Hong Kong is moving fast towards crypto evolution and regulation. Today, the city’s central bank announced the development of their own digital coin.
The whole concept of cryptocurrencies and digital coins was born with the stated purpose of freeing people from the grip of central banks. A bit over a decade later, however, central banks are starting to create their own digital coins.
On Thursday evening, Eddie Yue announced the development of e-HKD, short for electronic Hong Kong dollar. Yue is the chief executive of the Hong Kong Monetary Authority (HKMA), an increasingly important player in the crypto world.
Last month, Hong Kong unveiled their framework for cryptocurrencies, opening the city to digital exchanges and facilitating trading for the average user. Hong Kong’s intention of becoming the world’s crypto hub is clear, especially after last year’s fall of FTX which threw crypto exchanges into chaos.
The e-HKD project has received support from several financial institutions, including Bank of China, HSBC and China Construction Bank. Initially, a trial version of the digital coin will be made available to 16 hand-picked firms.
The trial e-HKD will be usable for online and offline payments, as well as an array of Web3 transactions like tokenized deposits and settlement of tokenized assets.
Yue said the HKMA does not yet know when and where to launch the program for wider commercial use.
China’s digital coin
HKMA is not the first central bank to enact a digital coin. In January 2022, the Bank of China launched e-CNY with similar features and purposes of e-HKD.
China has a rather complicated relationship with crypto. Beijing banned any type of crypto transaction in 2021 after banning crypto mining. Nevertheless, China is also one of the leading countries in digital innovation, often used for controversial purposes like facial recognition technologies.

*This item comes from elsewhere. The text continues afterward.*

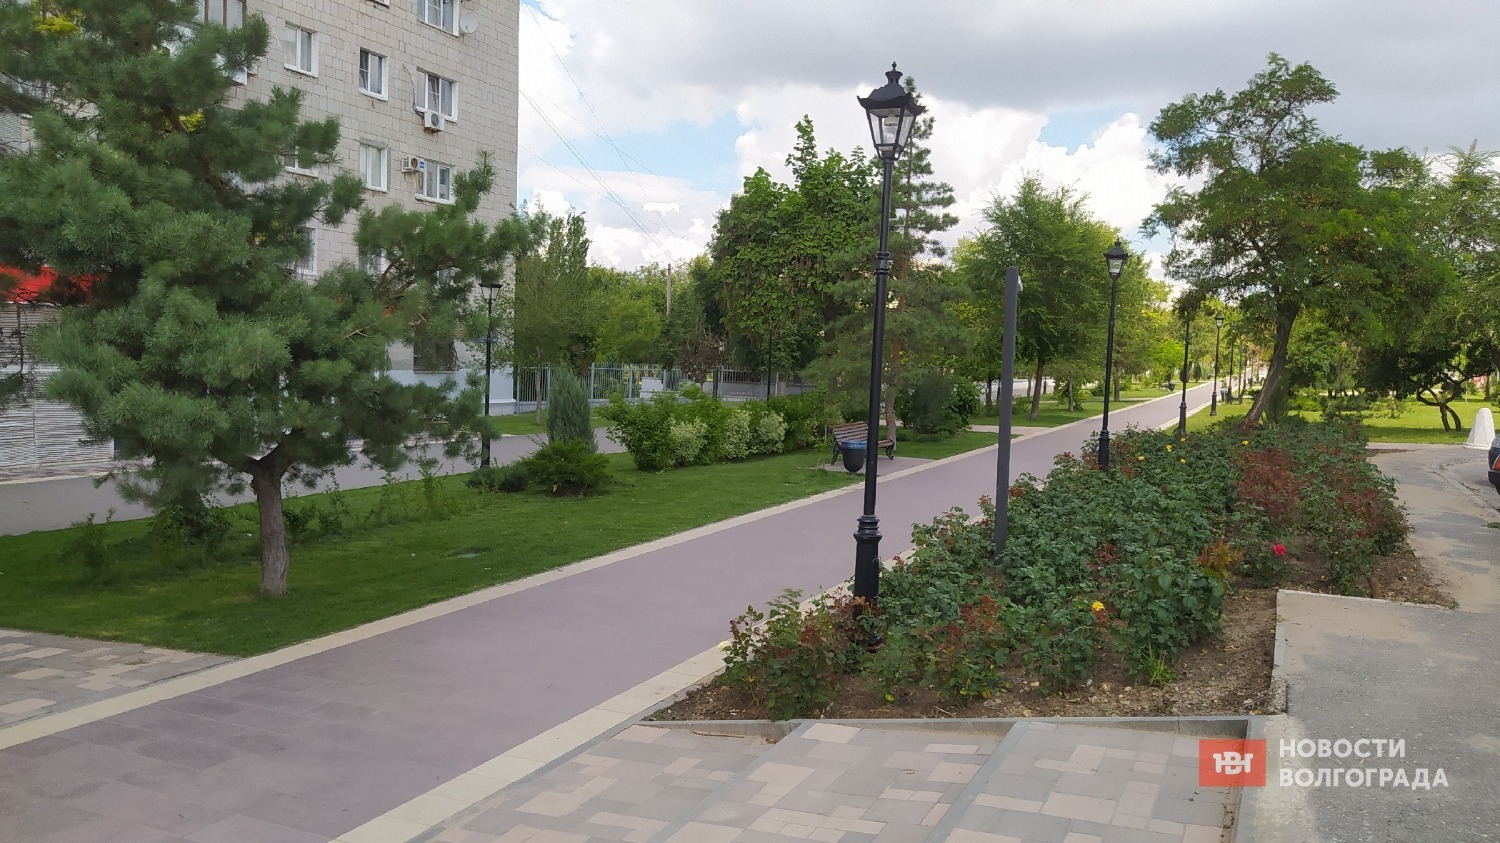 Бульвар вдоль проспекта им. Жукова в Волгограде благоустроили в 2022 году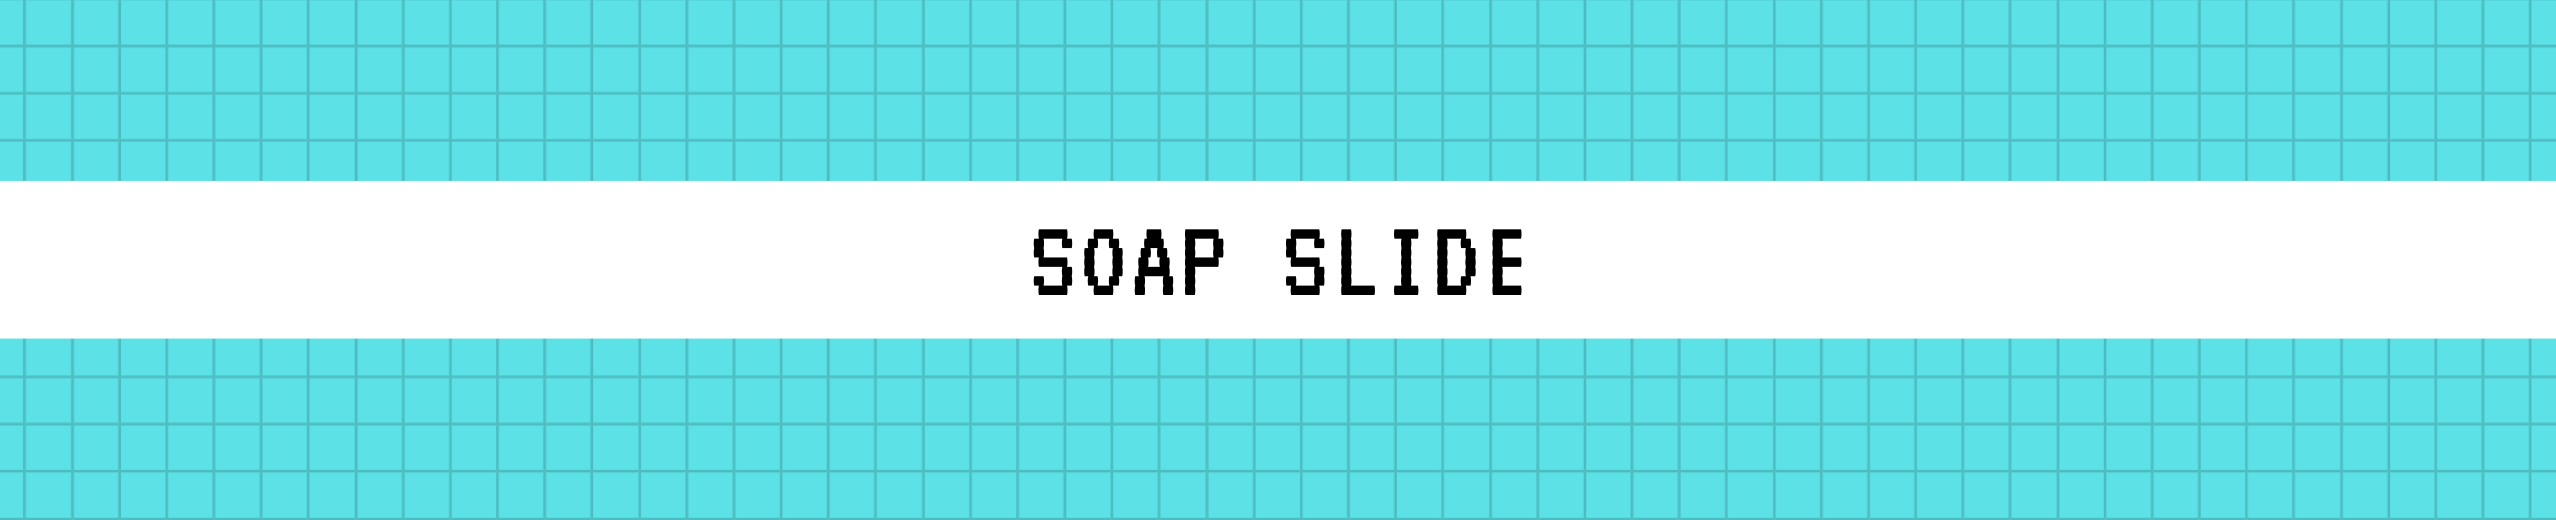 Soap Slide

Indeed, China dislikes anything that can run out of control. Since, as we said, crypto’s main purpose was to decentralize finance, China could not afford this type of risk.
For these reasons, it makes perfect sense that China would want to create a centralized, perfectly controllable digital coin like e-CNY.
As a matter of fact, the HKMA said in a paper it will study the implications for a fusion between e-CNY and e-HKD. Hong Kong’s authorities are increasingly being put under China’s own umbrella, despite the high degree of autonomy formally recognized in the southern city.
According to Stanley Chao, managing director of the US-based All In Consulting, linkage between the two digital coins is simply a natural evolution. “Such a seamless process without any banks or commissions involved will, I believe, create millions more cross-border transactions to the point that it could boost Hong Kong’s economy,” Chao said.